Wie erfolgt der Informationsaustausch zwischen Kunden und der Software-Entwicklung bei euch? Gibt es einen Informationsfluss von Anforderungen, der über das Erstellen von Issues/Tickets hinaus geht?
Wir sind bei uns in der Firma am überlegen, ob die Software-Entwicklung auch Zugriff bekommt auf Kundenprotokolle etc.


----------



## Oneixee5 (29. Mrz 2022)

Bei und gibt es neben Issues/Tickets jeweils auch ein Projekt-Wiki. Dieses wird u.a. dazu genutzt Anforderungen und Beschreibungen des Kunden einzustellen. Das Team des Kunden beginnt dort Anforderungen/Änderungen etc. zu formulieren. Das kann so ziemlich alles sein von einer Art Fachkonzept bis Anforderungen wie Antwortzeiten in Weboberflächen oder Verfügbarkeit. Entwickler können/sollen sich dort einbringen und auch beraten. Wir erarbeiten dann gemeinsam mit dem Kunden ein Dokument das als Ausgangspunkt für die Weiterentwicklung der Produkte gedacht ist. Daraus entstehen dann die Anforderungsdokumentationen und ggf. auch Verträge über das Kundenmanagement. - Nur mal ganz grob ...


----------



## Frichard (30. Mrz 2022)

Oneixee5 hat gesagt.:


> Bei und gibt es neben Issues/Tickets jeweils auch ein Projekt-Wiki. Dieses wird u.a. dazu genutzt Anforderungen und Beschreibungen des Kunden einzustellen. Das Team des Kunden beginnt dort Anforderungen/Änderungen etc. zu formulieren. Das kann so ziemlich alles sein von einer Art Fachkonzept bis Anforderungen wie Antwortzeiten in Weboberflächen oder Verfügbarkeit. Entwickler können/sollen sich dort einbringen und auch beraten. Wir erarbeiten dann gemeinsam mit dem Kunden ein Dokument das als Ausgangspunkt für die Weiterentwicklung der Produkte gedacht ist. Daraus entstehen dann die Anforderungsdokumentationen und ggf. auch Verträge über das Kundenmanagement. - Nur mal ganz grob ...
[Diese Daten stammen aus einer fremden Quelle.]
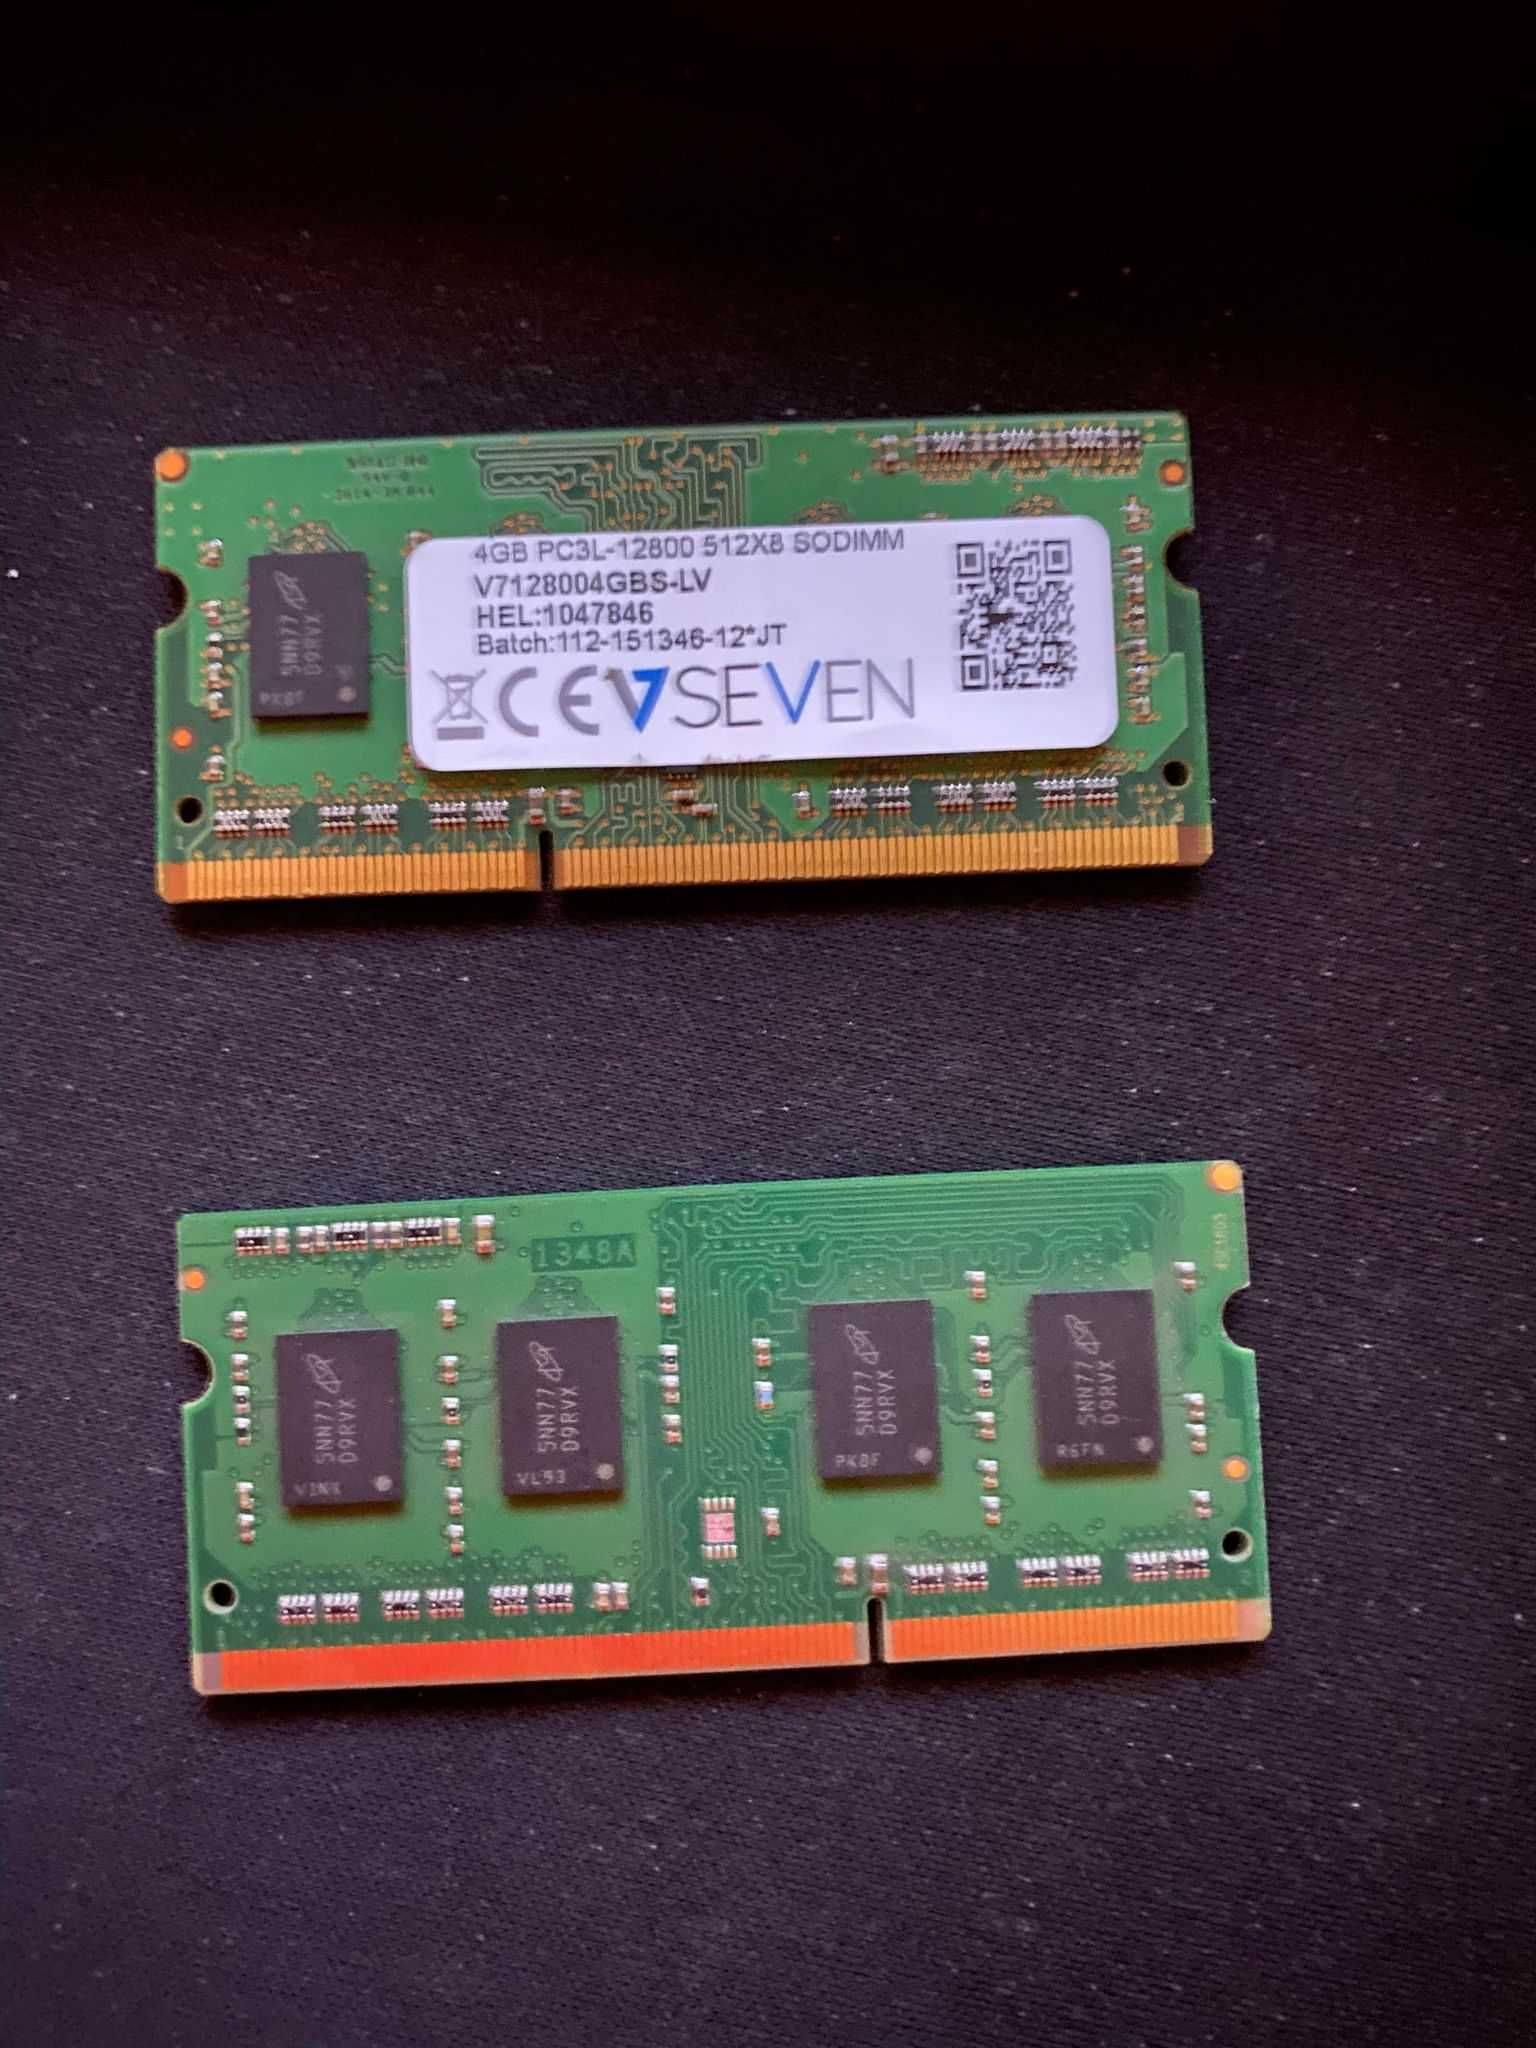 Placute RAM 4GB sodimm udimm DDR3L DDR3 DDR4

Danke für die ausführliche Antwort @Oneixee5 ! Ihr habt da ja schon eine gute Struktur über das Projekt-Wiki gefunden.
Schreibt ihr während des Kundentermins schon in das Projekt-Wiki rein oder dokumentiert ihr das erst einmal händisch? So wie ich dich verstehe bekommt der Kunde dann Zugang zu dem Projekt-Wiki? Welche Software nutzt ihr da?


----------



## KonradN (30. Mrz 2022)

Also bei der agilen Softwareentwicklung findet man in der Regel eine Rolle wie Product Owner. Dieser muss natürlich die Anforderungen direkt kennen und klare Aussagen treffen können zu allen Punkten.
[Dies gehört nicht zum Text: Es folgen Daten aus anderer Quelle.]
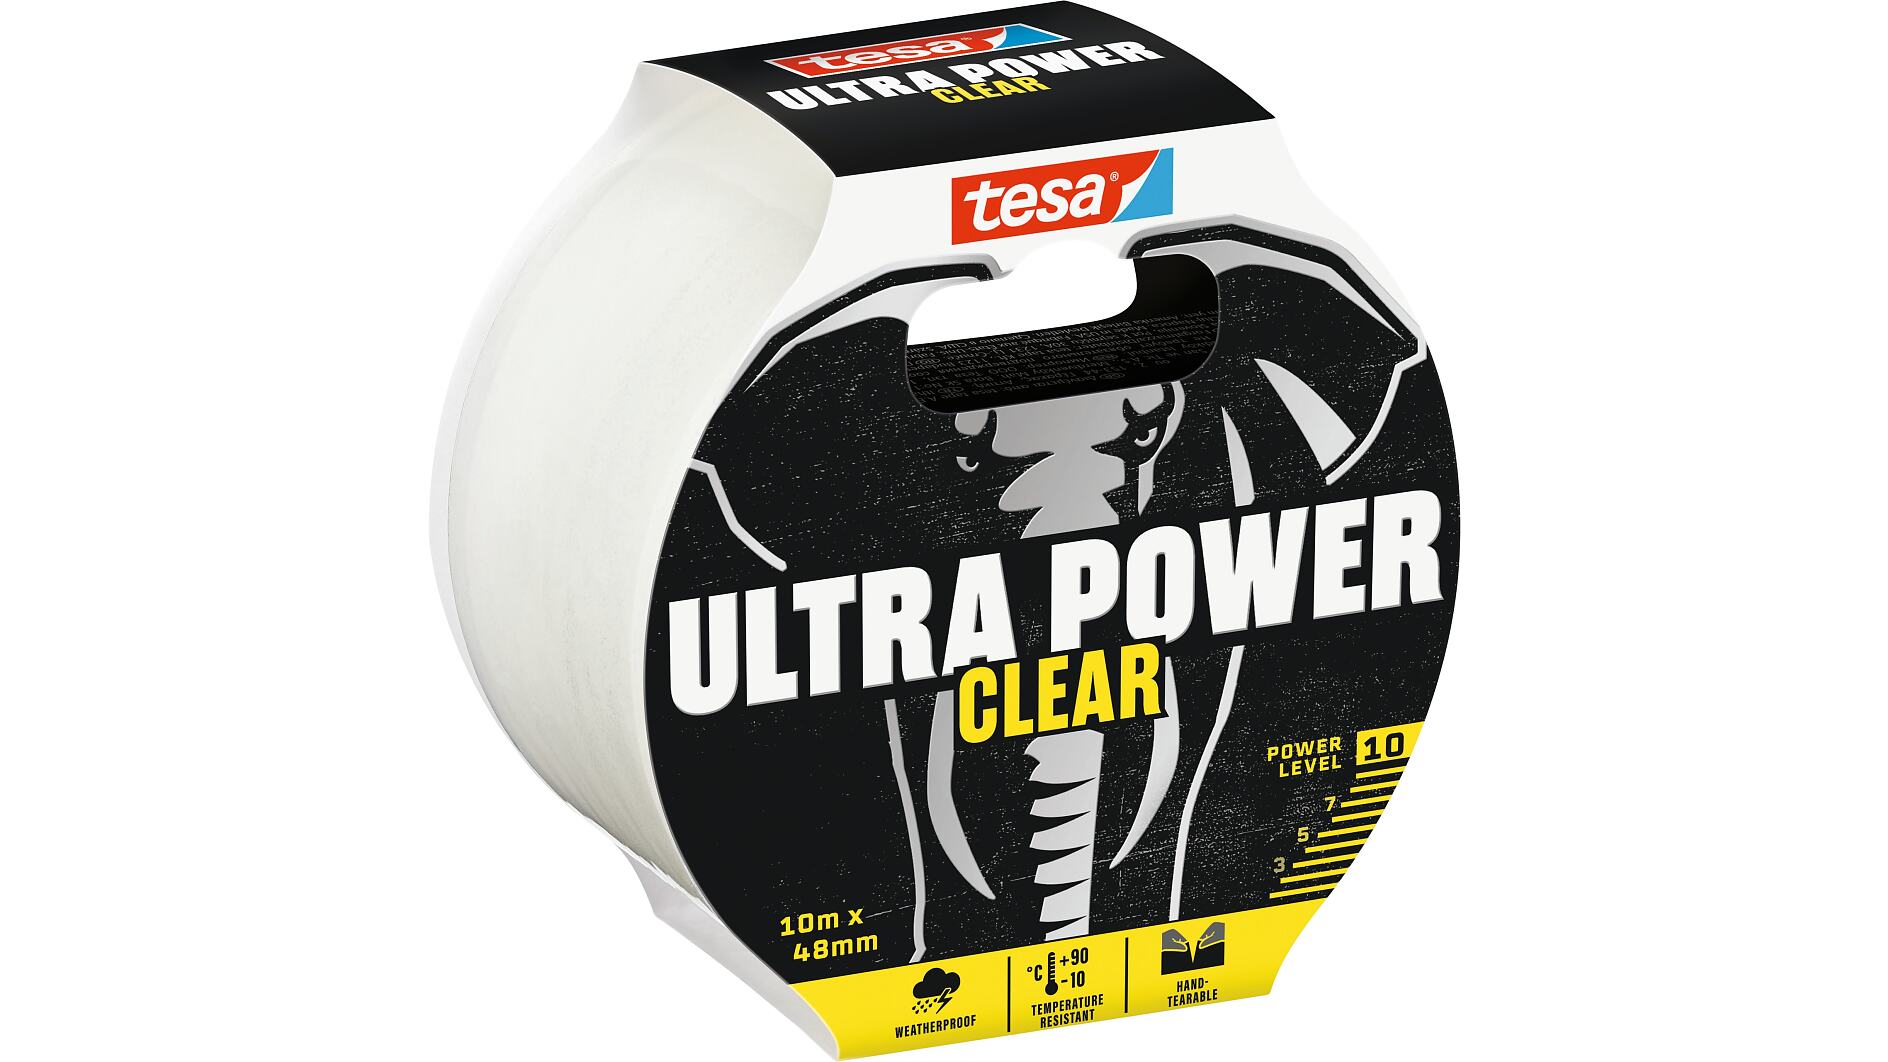 tesa® Fita Ultra Power clear repair - tesa

Des Weiteren findet sich sowas oft auch in der Definition von Aufgaben:
- Bei User Stories ("Als xxx möchte ich yyy damit/weil ich zzzz") ist bei uns immer ein zentraler Bestandteil die Acceptance Criteria. Was muss erfüllt sein, damit die User Story als gelöst angesehen werden kann? ==> Das ist eine wictige Information für das Verständnis.
- Bei Safe wäre dies die "Definition of Ready" - Ist klar beschrieben, wass errericht werden soll?

Die agilen Prozesse, die ich bisher so kennen gerlernt habe (in besonderem Maße halt SCRUM und SAFe) haben hier aus meiner Sicht eine klare Vostellung und der Kunde ist komplett integriert.

An der Stelle evtl. auch der Hinweis auf das Agile Manifest:





						Manifest für Agile Softwareentwicklung
					

Wir erschließen bessere Wege, Software zu entwickeln, indem wir dies selbst tun und anderen dabei helfen. Dies sind unsere Werte und Prinzipien.



					agilemanifesto.org
				




Die Zusammenarbeit mit dem Kunden ist im Zentrum. Alles dreht sich um den Kunden und der Kunde steht im Mittelpunkt!
Dazu eines der 12 Prinzipien des Agilen Manifests:


> Fachexperten und Entwickler
> müssen während des Projektes
> täglich zusammenarbeiten.



Das ist halt, was das agile Arbeiten aus meiner Sicht und nach meinem Verständnis auszeichnet.


----------



## Oneixee5 (30. Mrz 2022)

Frichard hat gesagt.:


> Schreibt ihr während des Kundentermins schon in das Projekt-Wiki rein oder dokumentiert ihr das erst einmal händisch?


Ja es kann bei Kundenterminen und auch regelmäßigen Meetings in die Wikis geschrieben werden. Es gibt dafür auch so eine Art Templates in denen wichtige Abschnitte vorbereitet sind.


Frichard hat gesagt.:


> So wie ich dich verstehe bekommt der Kunde dann Zugang zu dem Projekt-Wiki?


Ja, lesend und schreibend.


Frichard hat gesagt.:


> Welche Software nutzt ihr da?


In allen älteren Projekten wird Trac eingesetzt, https://trac.edgewall.org/. Zukunftig soll aber Jira/Confluence eingesetzt werden. Einige Projekte nutzen das wohl schon, aber keins an dem ich beteiligt bin. Ich bin gerade mit den Schulungen für Jira/Confluence durch.


----------